Der Anthropic 2026 State of AI Agents Report (500+ technische Führungskräfte, reale Implementierungen bei Novo Nordisk, Doctolib, L'Oréal, Shopify) identifiziert die Integration mit bestehenden Systemen als die Nummer-1-Barriere für die Agent-Einführung — 46% der Organisationen nennen sie, vor Datenzugang (42%), Sicherheit (40%) und Modellintelligenz. 47% verwenden einen hybriden Build-and-Buy-Ansatz: nicht vollständig vorgefertigt, nicht alles In-House, sondern eine Plattform, die sie mit Custom-Code erweitern. Die First-Party-MCP-Server sind die „Buy"-Hälfte. Das Custom-Modul ist die „Build"-Hälfte. Die Teams, die 2026 Produktions-Agenten ausliefern, sind die, die beides tun — der First-Party-Server für das, was er abdeckt, das Custom-Modul für das, was er nicht abdeckt.

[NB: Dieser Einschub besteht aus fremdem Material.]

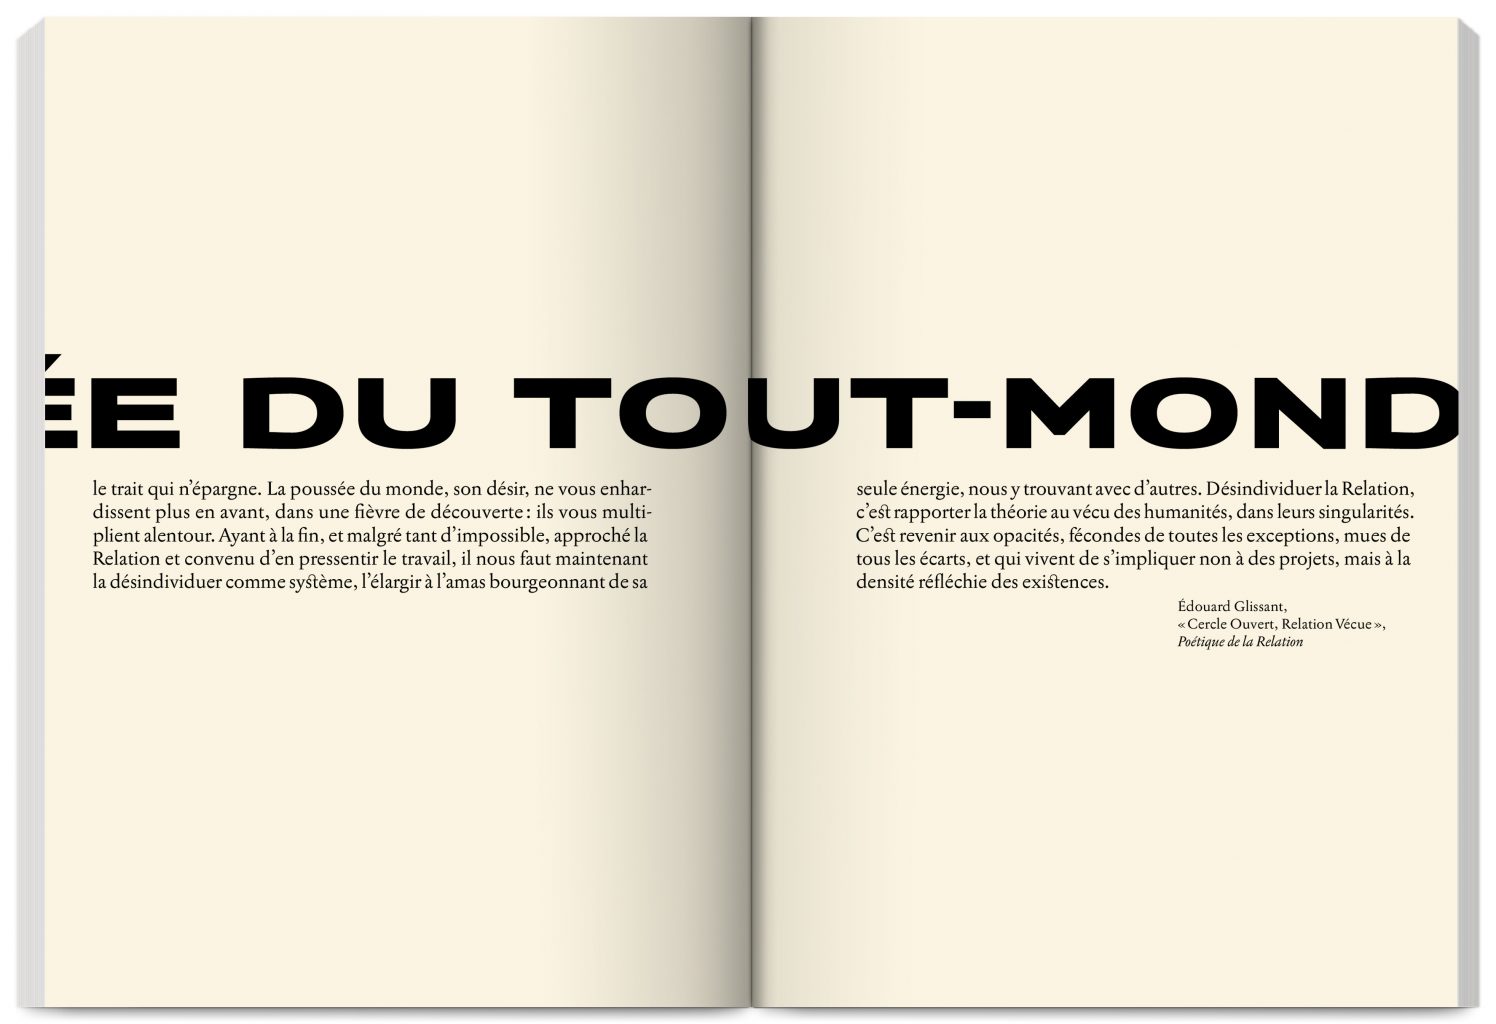 Publication Mondialité: or the Archipelagos of Édouard Glissant edited by Hans Ulrich Obrist, Asad Raza, published by Skira, Villa Empain Fondation Boghossian, design by In the shade of a tree studio, founded by Sophie Demay and Maël Fournier Comte.

HubSpot lieferte einen soliden First-Party-Server. Für Standard-Objekt-Lookups und einfache Updates reicht er. Für Custom Objects, prüfbare Schreibvorgänge, Headless-Authentifizierung, Multi-Portal-Operationen, System-Level-Design und Sensitive-Data-Zugriff ist das Custom-Modul der Produktionspfad. Der MCP-Modul-Code-Standard definiert die Struktur. Der HubSpot-Connector ist die Referenzimplementierung für den CRM-Fall — der Fall, in dem 12 Tools starten und die Semantic Layer in die Produktion führt.
Ein B2B-Service-Unternehmen, das HubSpot über fünf Kunden-Portale betreibt, mit Custom Objects für Erneuerungen und Partnerschaften, Workflow-Automatisierung für Pipeline-Management und einem vierteljährlichen Forecast, der von der korrekten Unterscheidung von Vertriebs- und Erneuerungsumsatz abhängt, erhält einen Agenten, der Custom-Object-Datensätze auflöst, prüfbare Schreibpläne für Batch-Pipeline-Änderungen erstellt, für geplante Syncs Headless authentifiziert, in einer einzigen Session über Portale routet und die Umsatz-Stage-Unterscheidung in typisierten Schemata kodiert — jeder Tool-Aufruf geloggt und jede Exception an einen menschlichen Reviewer geroutet. Dieser Build ist Phase 2-3 der Vier-Schritt-Methode und ist typischerweise in 5-8 Wochen live.